• **EXERCISE PROMPT**: Count the lines below that contain the word "Angels" and give only the number.

------ DATASET CONTENT ------

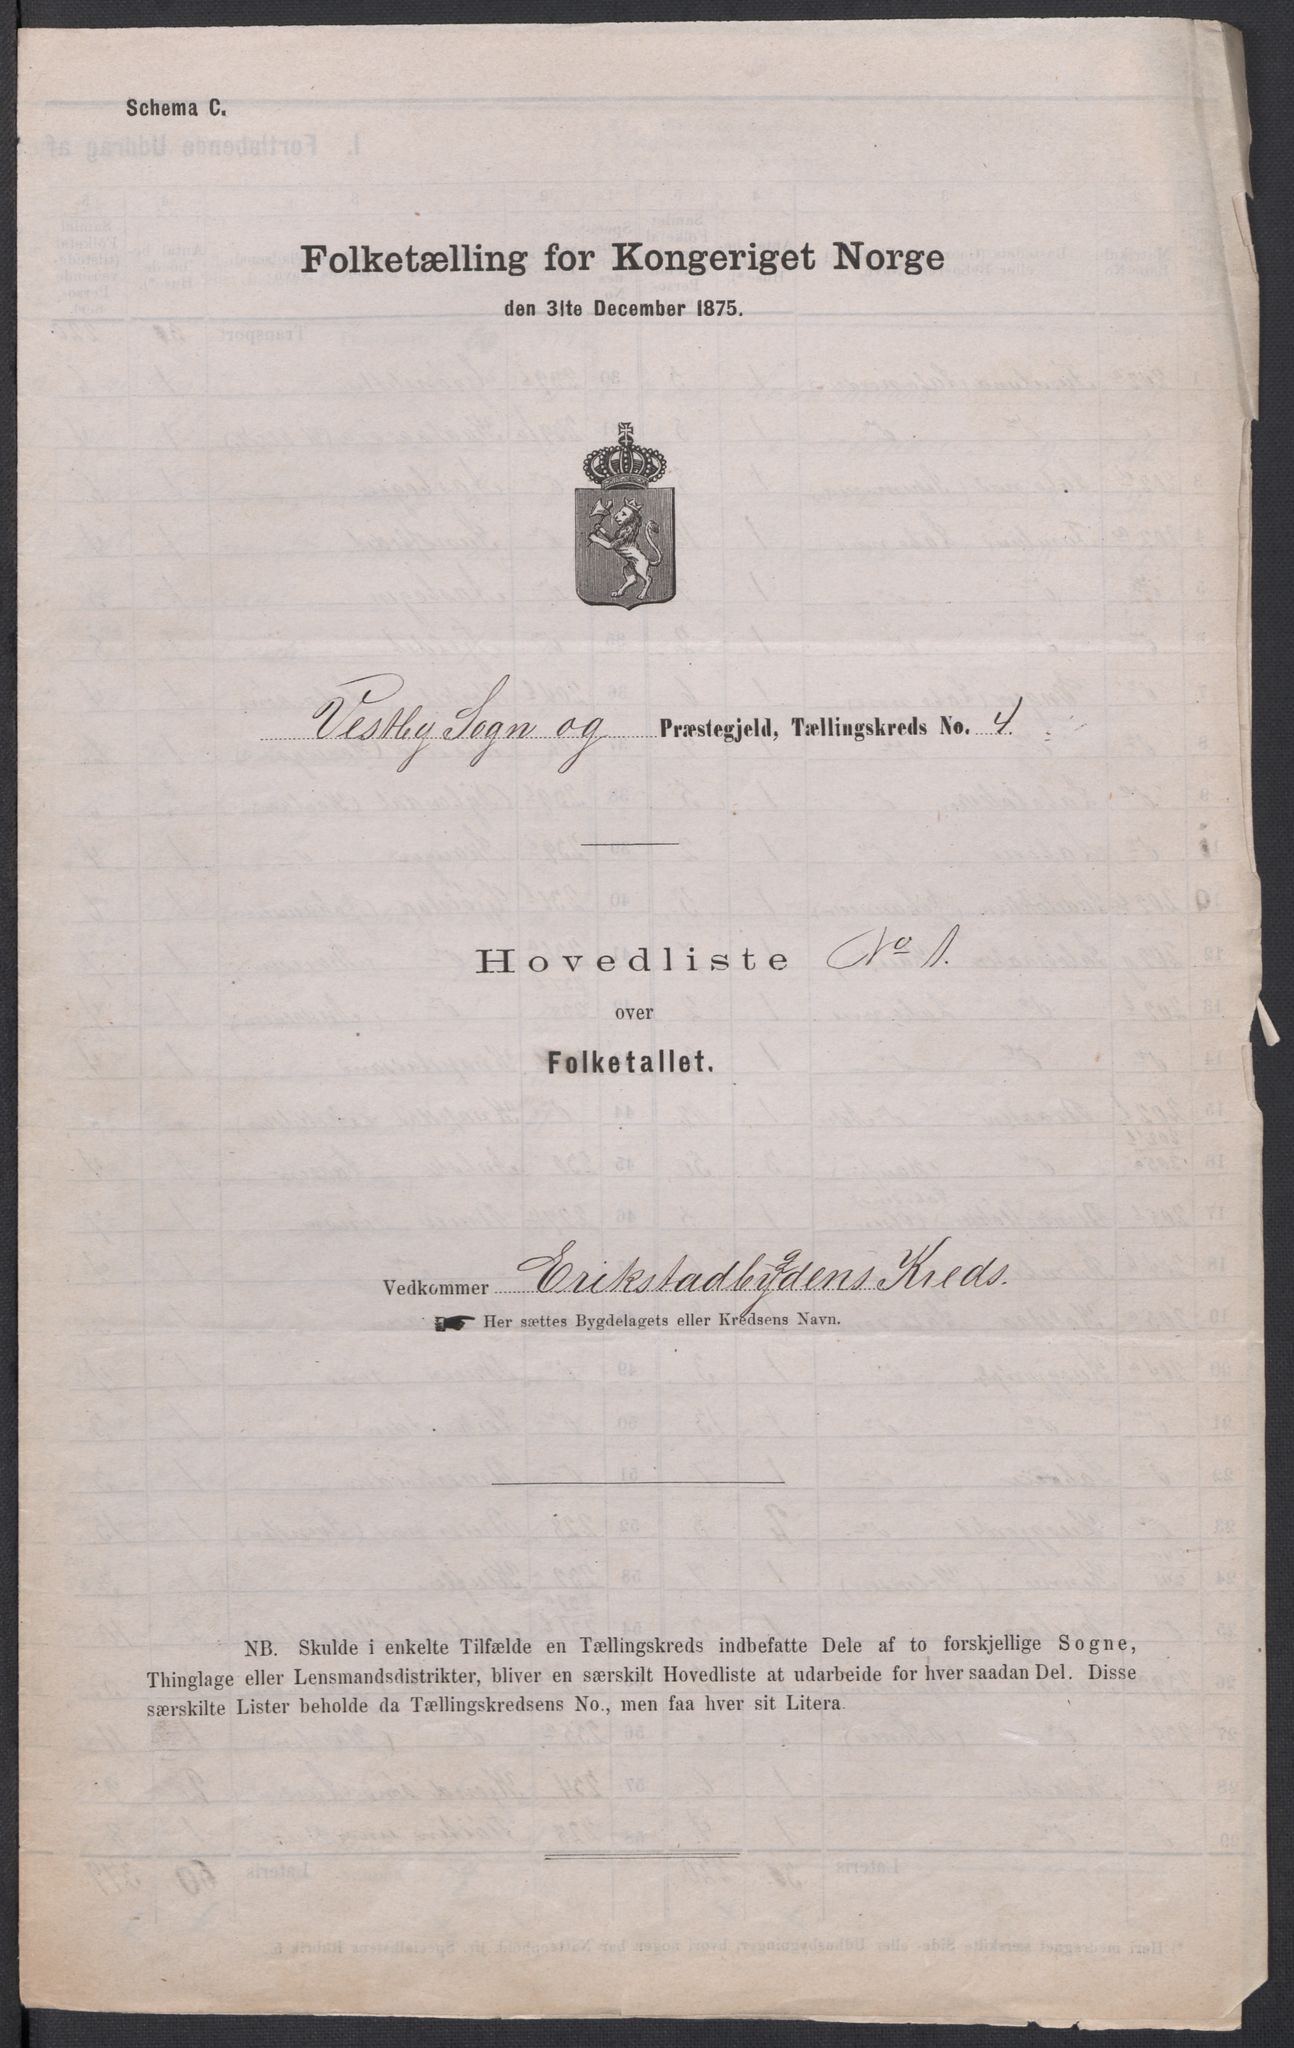 RA, Folketelling 1875 for 0211L Vestby prestegjeld, Vestby sokn, Garder sokn og Såner sokn, 1875, s. 10
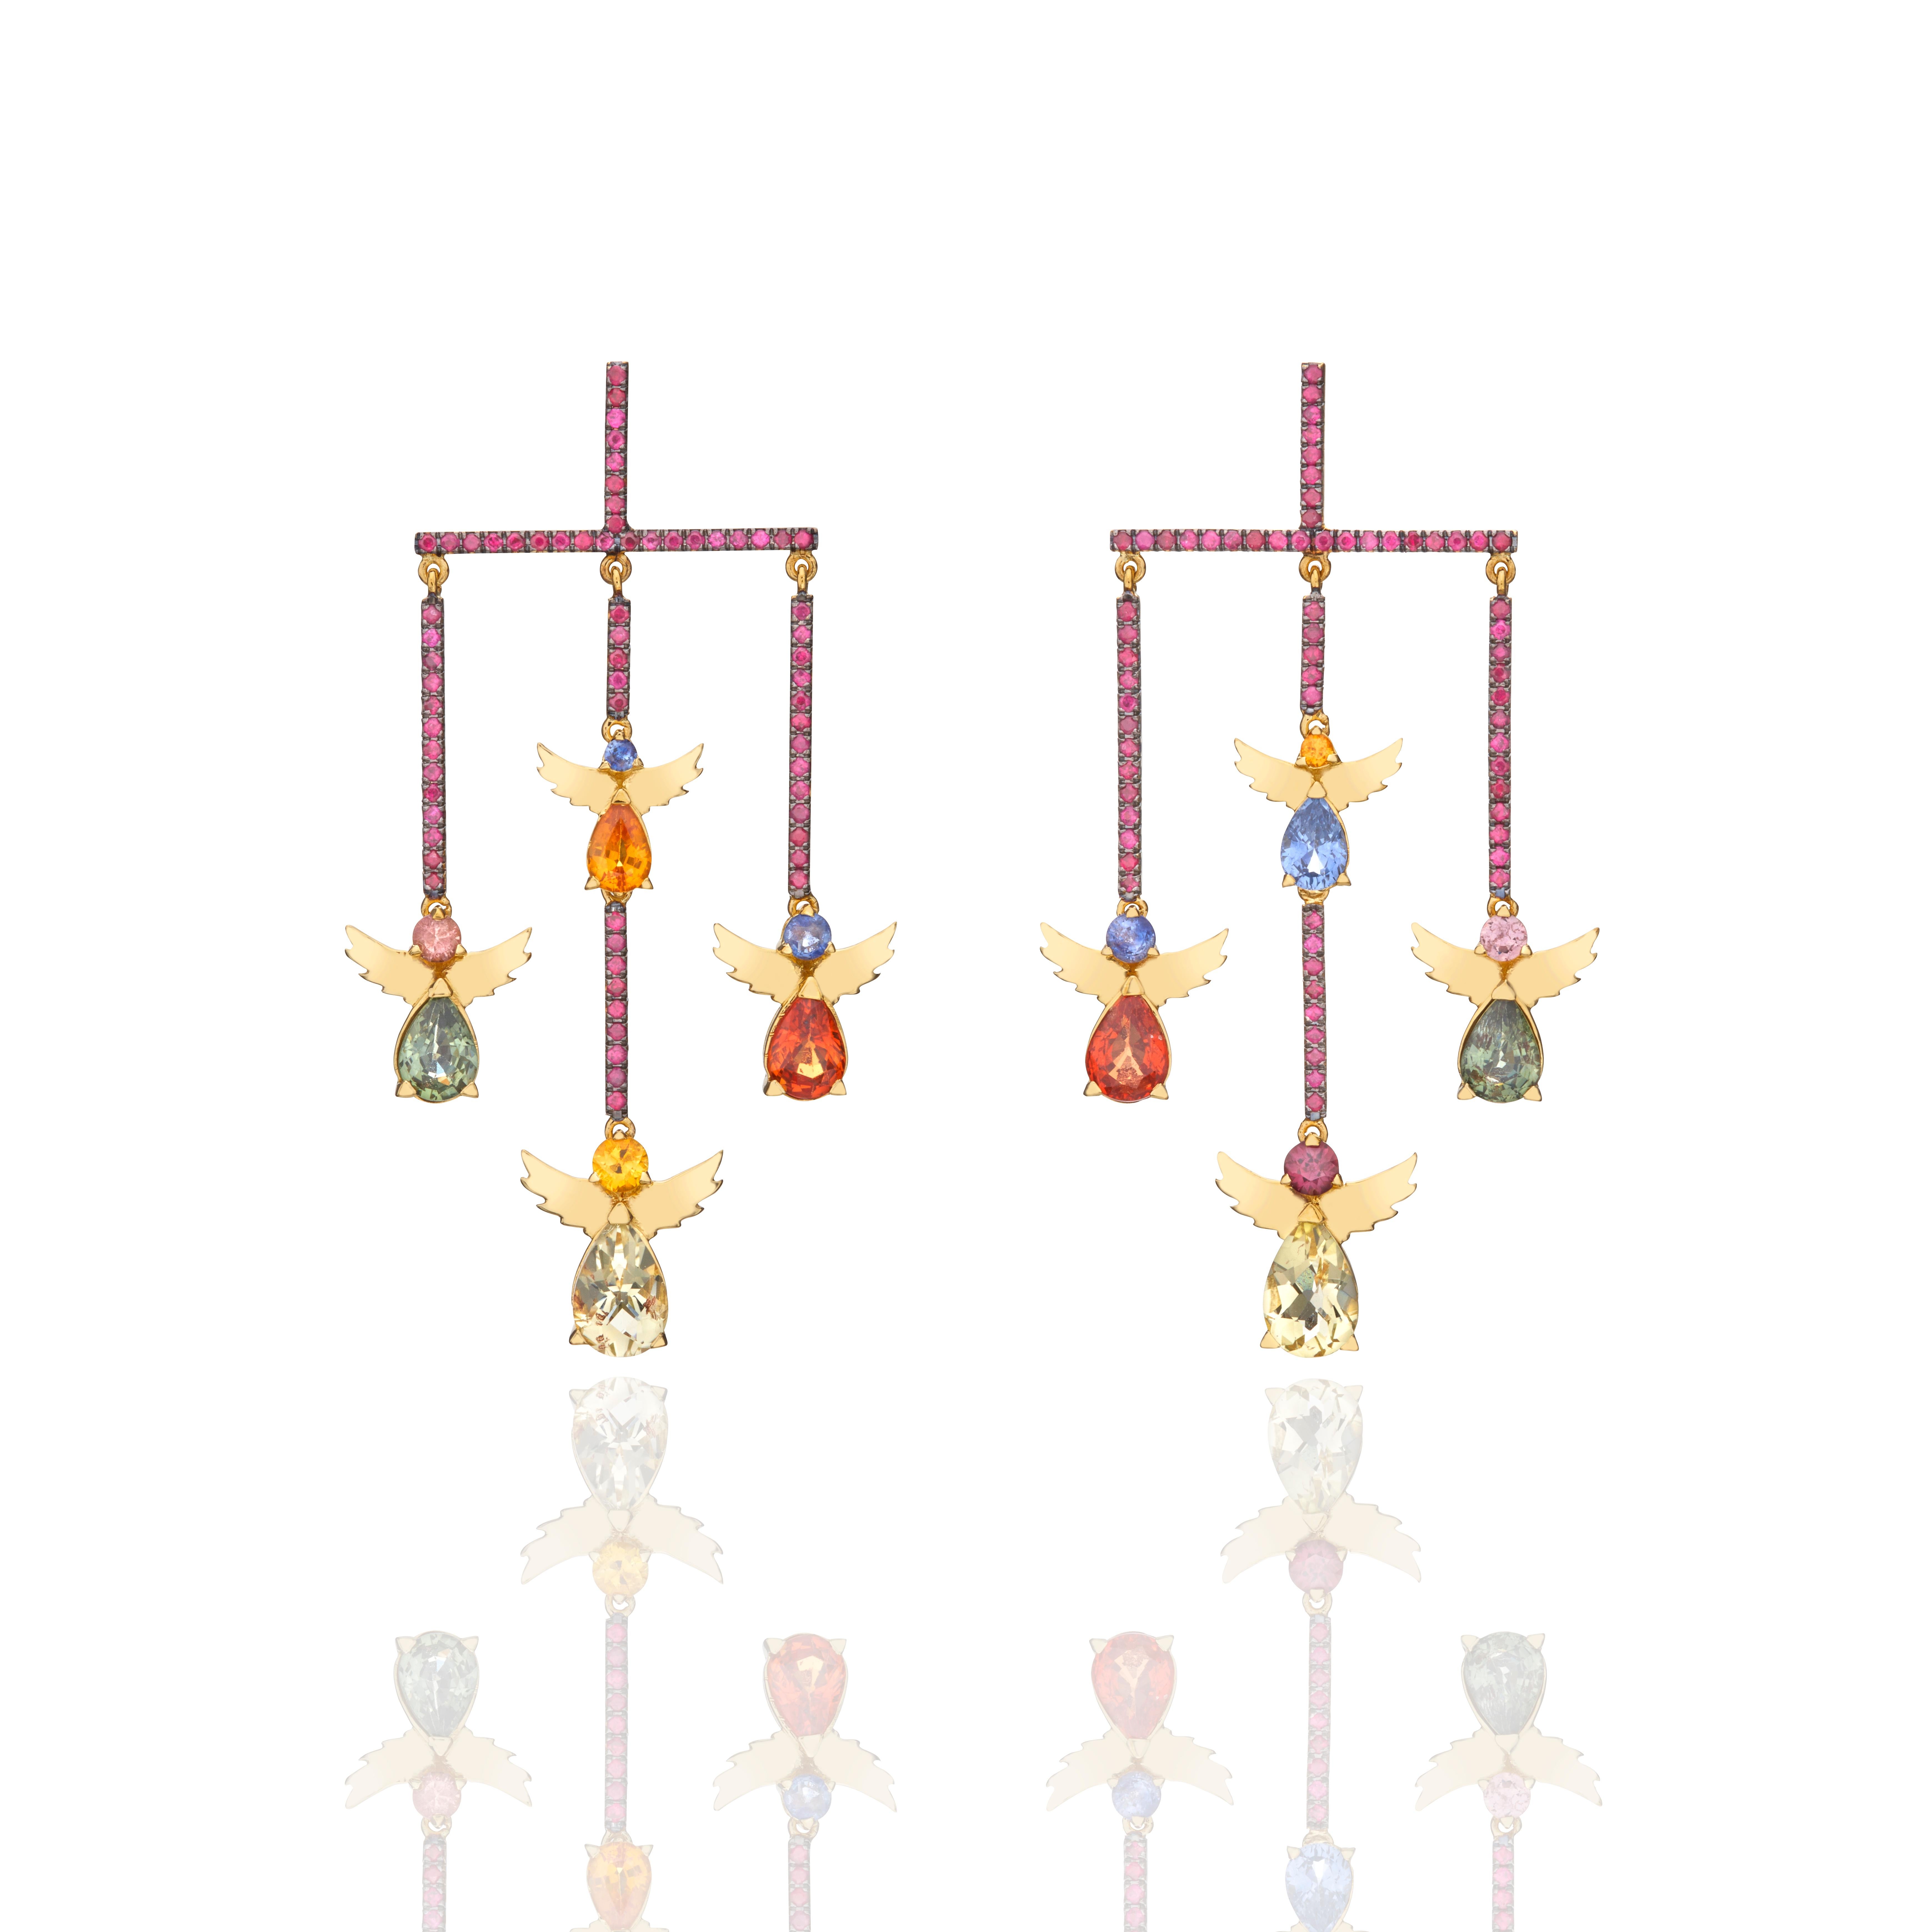 Moderne Chandelier-Ohrringe aus 18-karätigem Gelbgold, besetzt mit Rubinen, Zitronenzitrinen und farbigen Saphiren. 
Ein weiteres einzigartiges Design aus der Angels Collection.
Die Falling Angels Ohrringe stammen von der Marke Nicofilimon, einer

------

• **TASK OUTPUT**: 2